The hiking trail along the Eifel aqueduct is marked with a distinctive logo.

The Römerkanal-Wanderweg ("Roman canal hiking trail") runs for approximately 100 km along the aqueduct's path from Nettersheim all the way to Cologne. Public transport links are good, allowing the trail to be walked in various stages. It may also be used as a bike trail. There are approximately 75 information stations along the way, providing an excellent view of the aqueduct.

==Legacy==
Archaeological research on the Eifel aqueduct started in the 19th century. C.A. Eick was the discoverer of the farthest source from Cologne at Grüner Pütz near Nettersheim (in 1867). Systematic study of the aqueduct was carried out from 1940 to 1970 by Waldemar Haberey (de). His 1971 book is still a suitable guide along the course of the construction. In 1980, archaeologist Klaus Grewe (de) completely mapped out the location line and added it to the official German topographic map. His Atlas der römischen Wasserleitungen nach Köln (Atlas of Roman Aqueducts to Cologne, 1986) is a standard work for researchers in Roman architecture.
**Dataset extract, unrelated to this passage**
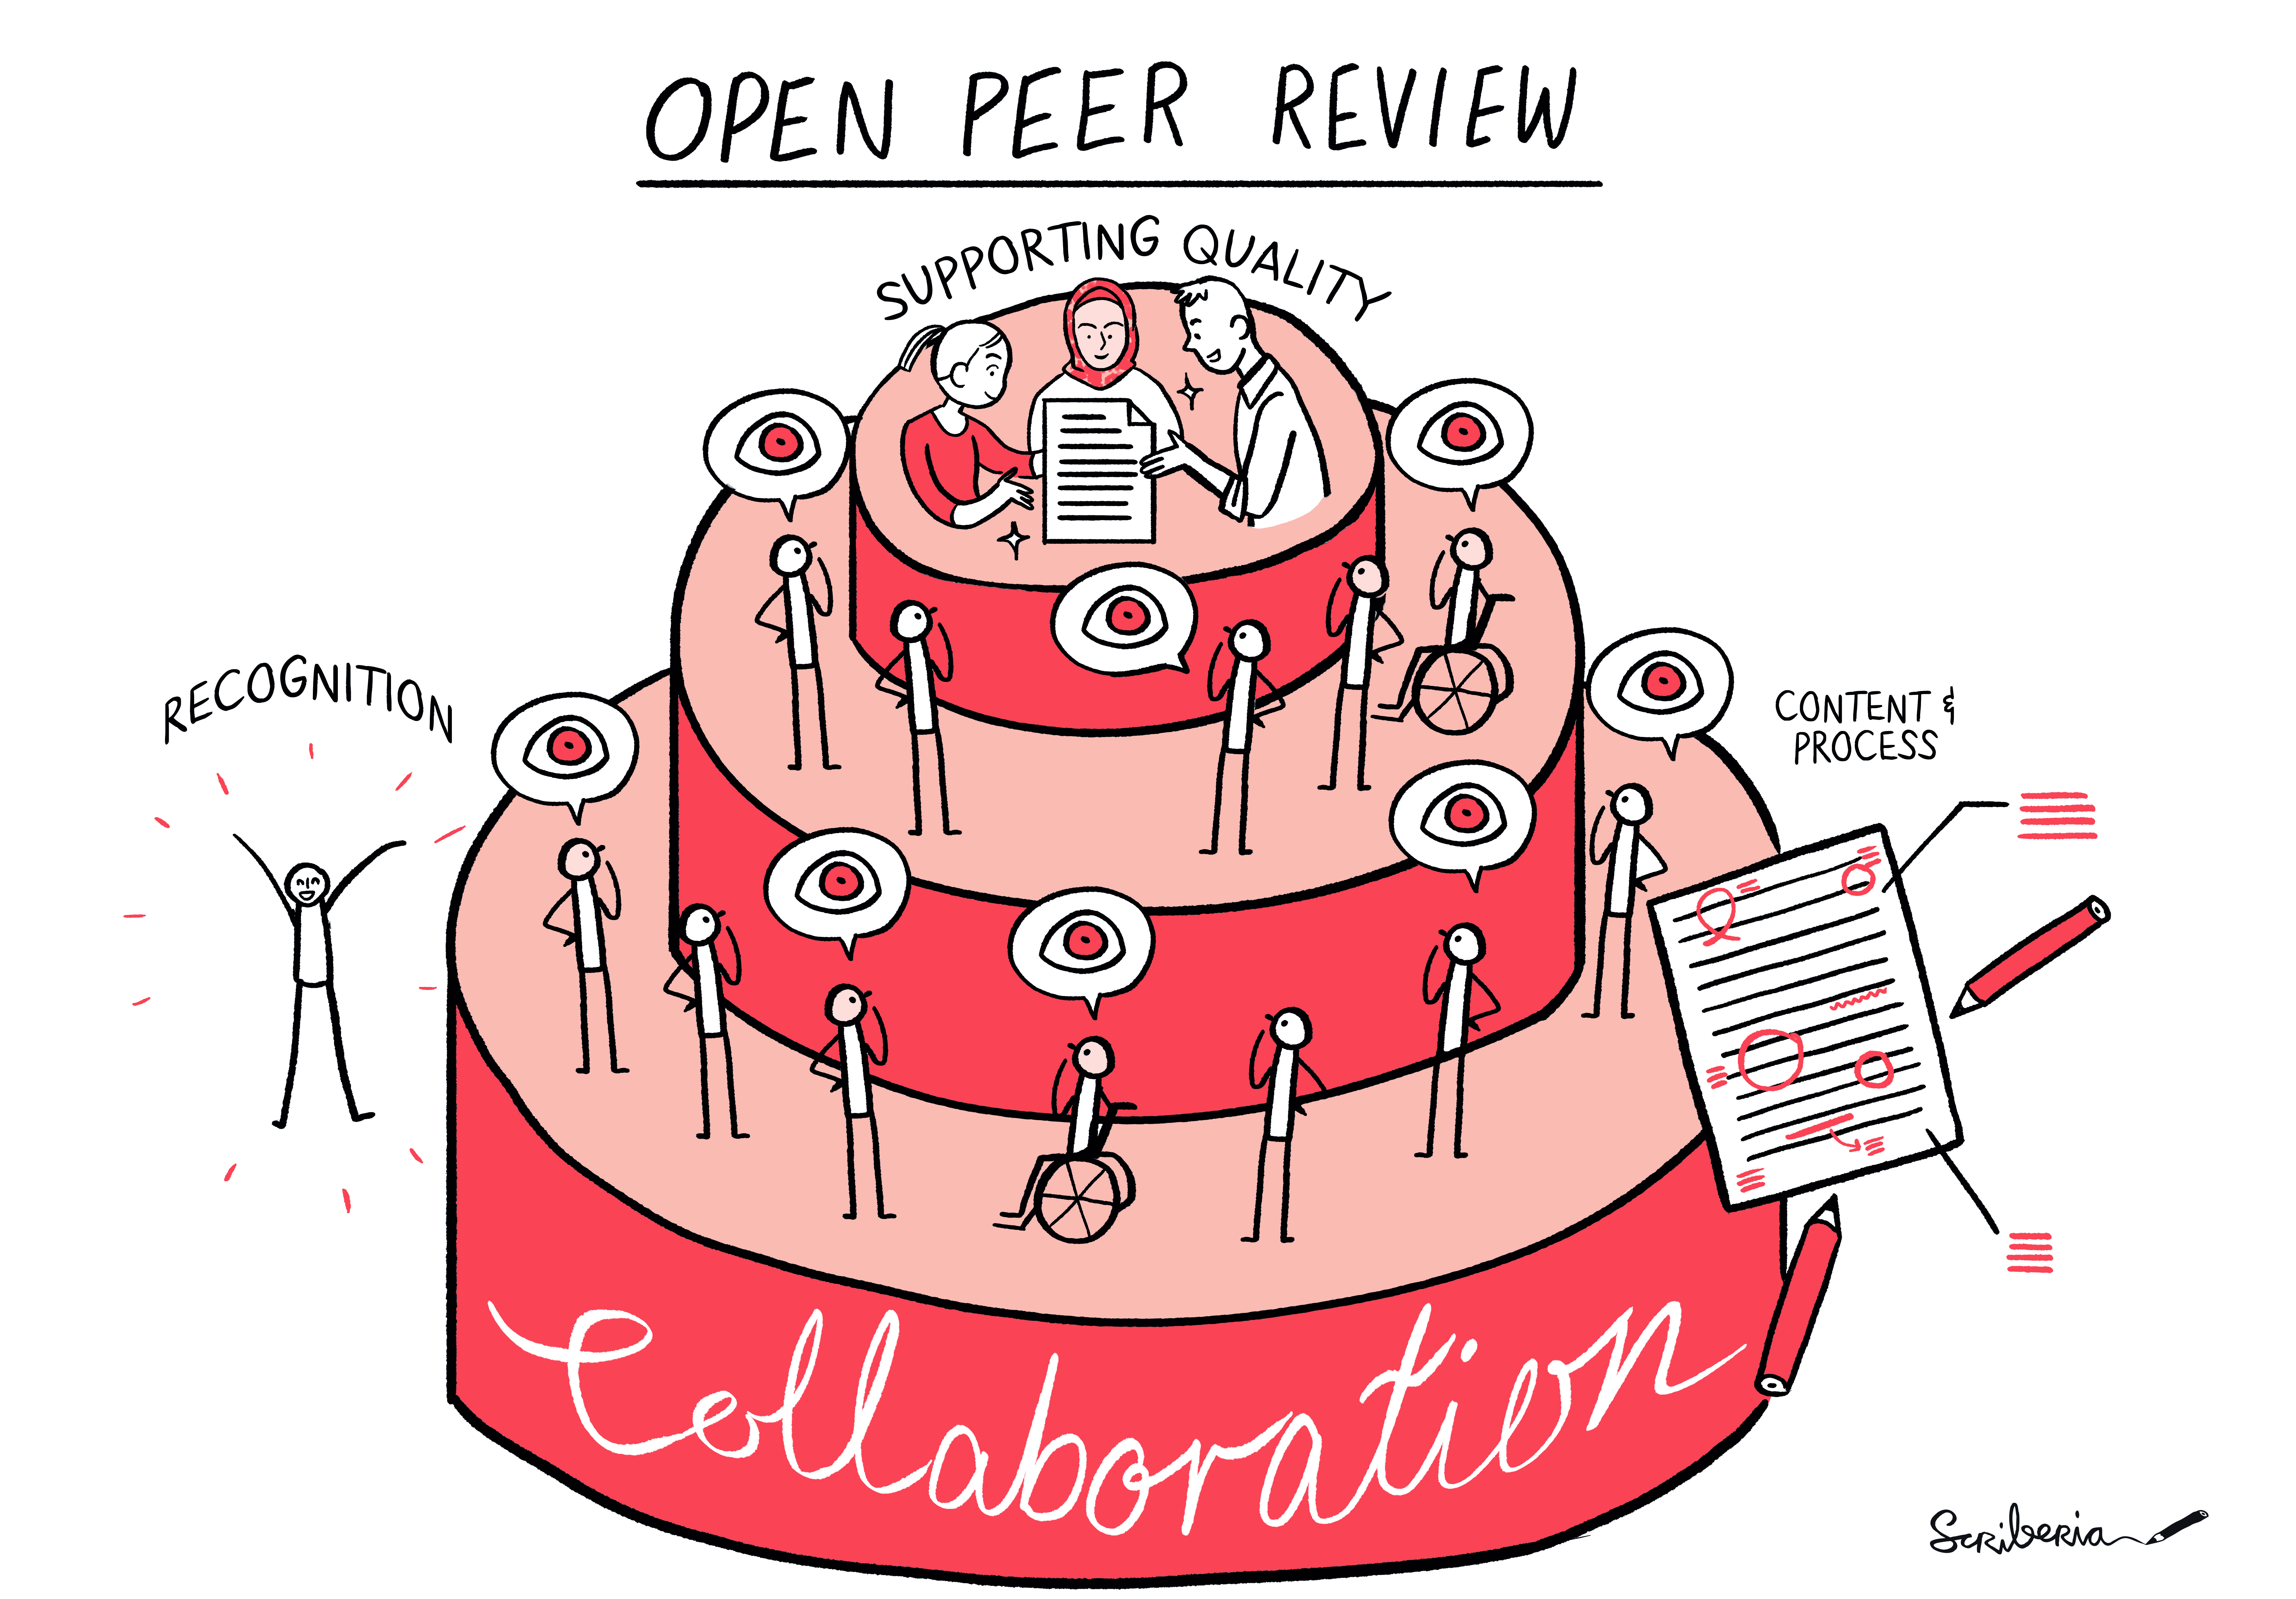 Cartoon-like sketch, in black and white with orange shading, of a three tiered cake with the title Open Peer Review at the top. On the bottom level of the cake is the word collaboration with different types of people standing on this level of the cake looking thoughtful. Each person has a speech bubble over them with an eye in it. There are more thoughtful people standing on the second tier and the third and top tier has three people holding a written document with the words supporting quality over them. At the side of the cake are the words recognition, on the left side, and content and process, on the right side.

The Eifel aqueduct is a very important and valuable archaeological site, particularly for the study of Roman surveying, organizational ability, and engineering know-how. It is also a poignant symbol for the loss of technical knowledge during the decline of civilisations that between the Middle Ages and more recent times, no better use was found for the aqueduct than as a stone quarry. The Roman level of technology in this area was not equalled until the 19th and 20th centuries.